As published by Georgia Tech Supply Chain and Logistics Institute - In the world of strategic decision-making—whether in Supply Chain Management and Engineering or in policy—we tend to focus our energy on the immediate problem in front of us. But in my experience—especially during my time at Coca-Cola and across broader industry engagements—what often gets left out of the room are the second-order effects. These are the unintended consequences that don't show up in the PowerPoint deck, but show up months or years later on your P&L, in your customer feedback, or in your team’s stress levels.

Some of these outcomes are manageable. Others are problematic. Occasionally, they’re game-changing—but not in the way we hoped.
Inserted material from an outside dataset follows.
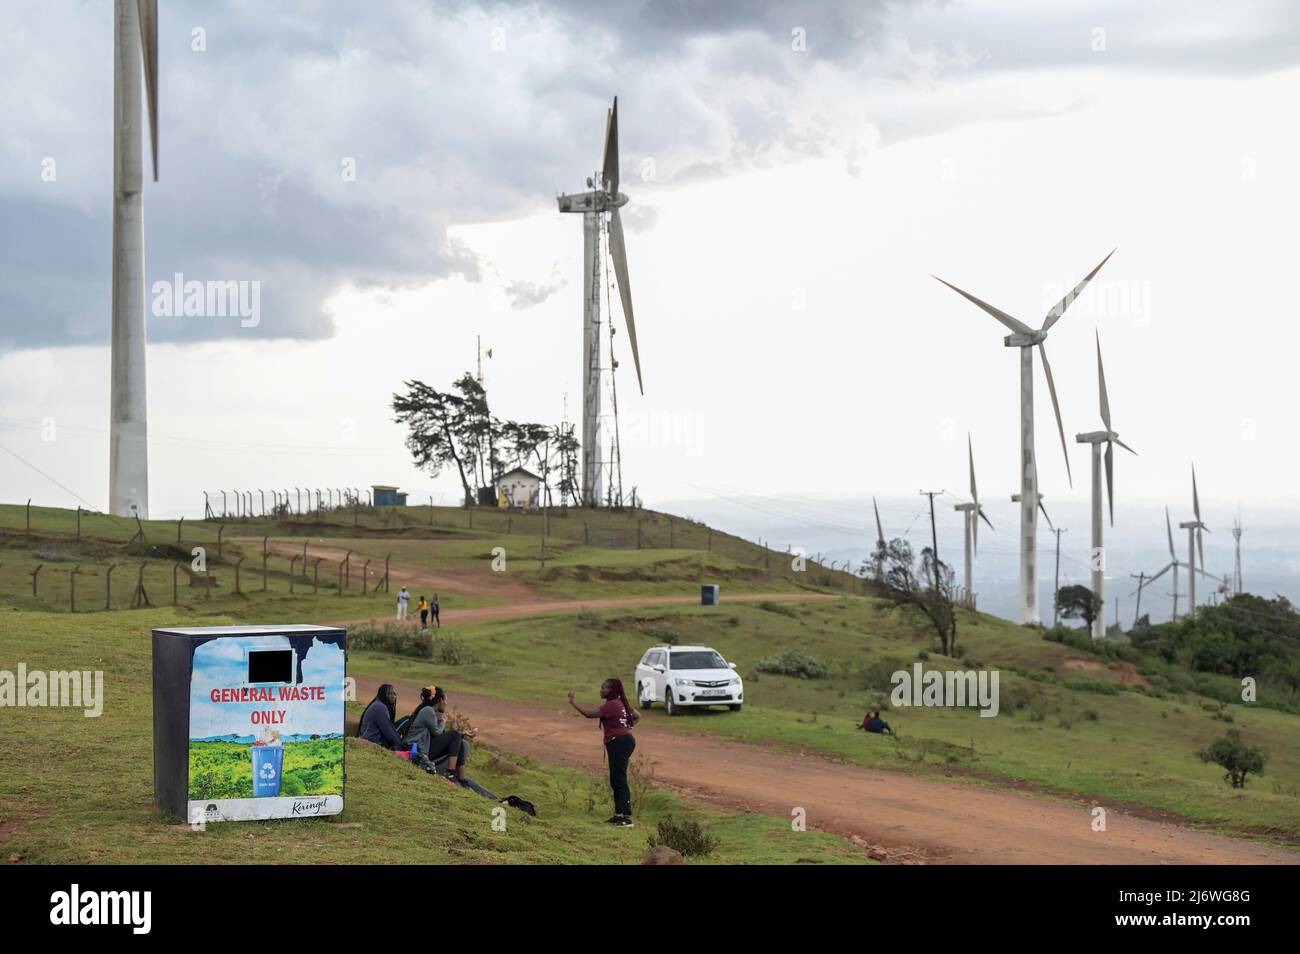 KENIA, Nairobi, Ngong Hills, 25,5 MW Windkraftwerk mit Gamesa Windkraftanlagen, Eigentum und Betrieb der KENGEN Kenya Electricity Generating Company, Gamesa ist Teil des Unternehmens Siemens Gamesa Renewable Energy/KENIA, Ngong Hills Windpark, Betreiber KenGen Kenya Electricity Generating Company mit Gamesa Windkraftanlagen Stockfoto

The Core Challenge: Complexity Crowds Out Curiosity

In my time in industry, I’ve seen high-stakes decisions unfold under tight timelines. The rigor is there: financial models, market analysis, legal due diligence. But the same pressure that brings focus often narrows the field of vision. Once the strategic goal is clear, the push becomes “get the recommendation ready” or “get the deal done.” Often, the team disbands before the ripple effects have even begun to appear.

In fact, studies of managerial behavior find that decision-makers often prioritize short-term outcomes over long-term implications, making it easy to overlook those downstream impacts.